How to access random item in list?

Question

I have an ArrayList, and I need to be able to click a button and then randomly pick out a string from that list and display it in a messagebox.

How would I go about doing this?

Answer 1

1. Create an instance of Random class somewhere. Note that it's pretty important not to create a new instance each time you need a random number. You should reuse the old instance to achieve uniformity in the generated numbers. You can have a static field somewhere (be careful about thread safety issues):

   static Random rnd = new Random();
   

2. Ask the Random instance to give you a random number with the maximum of the number of items in the ArrayList:

   int r = rnd.Next(list.Count);
   

3. Display the string:

   MessageBox.Show((string)list[r]);
   

Answer 2

I usually use this little collection of extension methods:

public static class EnumerableExtension
{
    public static T PickRandom<T>(this IEnumerable<T> source)
    {
        return source.PickRandom(1).Single();
    }

    public static IEnumerable<T> PickRandom<T>(this IEnumerable<T> source, int count)
    {
        return source.Shuffle().Take(count);
    }

    public static IEnumerable<T> Shuffle<T>(this IEnumerable<T> source)
    {
        return source.OrderBy(x => Guid.NewGuid());
    }
}

For a strongly typed list, this would allow you to write:

var strings = new List<string>();
var randomString = strings.PickRandom();

If all you have is an ArrayList, you can cast it:

var strings = myArrayList.Cast<string>();

Answer 3

You can do:

list.OrderBy(x => Guid.NewGuid()).FirstOrDefault()

Answer 4

Or simple extension class like this:

public static class CollectionExtension
{
    private static Random rng = new Random();

    public static T RandomElement<T>(this IList<T> list)
    {
        return list[rng.Next(list.Count)];
    }

    public static T RandomElement<T>(this T[] array)
    {
        return array[rng.Next(array.Length)];
    }
}

Then just call:

myList.RandomElement();

Works for arrays as well.

I would avoid calling OrderBy() as it can be expensive for larger collections.
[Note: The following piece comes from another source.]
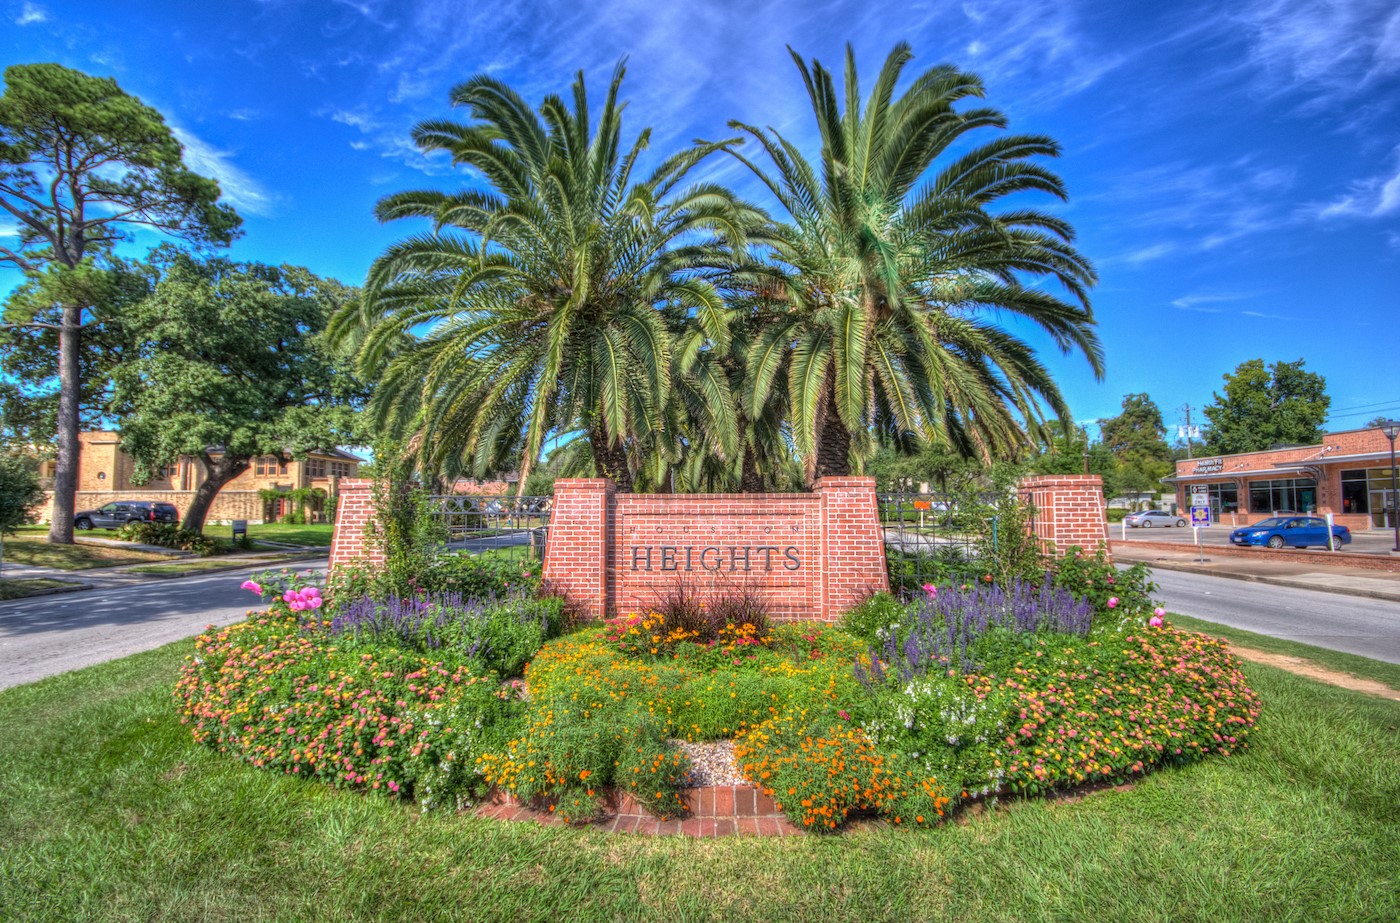 The Heights is a well-known historic district with numerous recreational venues, over 450 top-rated establishments, highly acclaimed schools, and convenient access to Houston's major thoroughfares.

Use indexed collections like List<T> or arrays for this purpose.

Answer 5

Create a Random instance:

Random rnd = new Random();

Fetch a random string:

string s = arraylist[rnd.Next(arraylist.Count)];

Remember though, that if you do this frequently you should re-use the Random object. Put it as a static field in the class so it's initialized only once and then access it.

Answer 6

Why not:

public static T GetRandom<T>(this IEnumerable<T> list)
{
   return list.ElementAt(new Random(DateTime.Now.Millisecond).Next(list.Count()));
}

Answer 7

I'll suggest different approach, If the order of the items inside the list is not important at extraction (and each item should be selected only once), then instead of a List you can use a ConcurrentBag which is a thread-safe, unordered collection of objects:

var bag = new ConcurrentBag<string>();
bag.Add("Foo");
bag.Add("Boo");
bag.Add("Zoo");

The EventHandler:

string result;
if (bag.TryTake(out result))
{
    MessageBox.Show(result);
}

The TryTake will attempt to extract an "random" object from the unordered collection.

Answer 8

ArrayList ar = new ArrayList();
        ar.Add(1);
        ar.Add(5);
        ar.Add(25);
        ar.Add(37);
        ar.Add(6);
        ar.Add(11);
        ar.Add(35);
        Random r = new Random();
        int index = r.Next(0,ar.Count-1);
        MessageBox.Show(ar[index].ToString());

Answer 9

I have been using this ExtensionMethod for a while:

public static IEnumerable<T> GetRandom<T>(this IEnumerable<T> list, int count)
{
    if (count <= 0)
      yield break;
    var r = new Random();
    int limit = (count * 10);
    foreach (var item in list.OrderBy(x => r.Next(0, limit)).Take(count))
      yield return item;
}

Answer 10

I needed to more item instead of just one. So, I wrote this:

public static TList GetSelectedRandom<TList>(this TList list, int count)
       where TList : IList, new()
{
    var r = new Random();
    var rList = new TList();
    while (count > 0 && list.Count > 0)
    {
        var n = r.Next(0, list.Count);
        var e = list[n];
        rList.Add(e);
        list.RemoveAt(n);
        count--;
    }

    return rList;
}

With this, you can get elements how many you want as randomly like this:

var _allItems = new List<TModel>()
{
    // ...
    // ...
    // ...
}

var randomItemList = _allItems.GetSelectedRandom(10); 

Answer 11

Printing randomly country name from JSON file.
Model:

public class Country
    {
        public string Name { get; set; }
        public string Code { get; set; }
    }

Implementaton:

string filePath = Path.GetFullPath(Path.Combine(Environment.CurrentDirectory, @"..\..\..\")) + @"Data\Country.json";
            string _countryJson = File.ReadAllText(filePath);
            var _country = JsonConvert.DeserializeObject<List<Country>>(_countryJson);


            int index = random.Next(_country.Count);
            Console.WriteLine(_country[index].Name);

Answer 12

Why not[2]:

public static T GetRandom<T>(this List<T> list)
{
     return list[(int)(DateTime.Now.Ticks%list.Count)];
}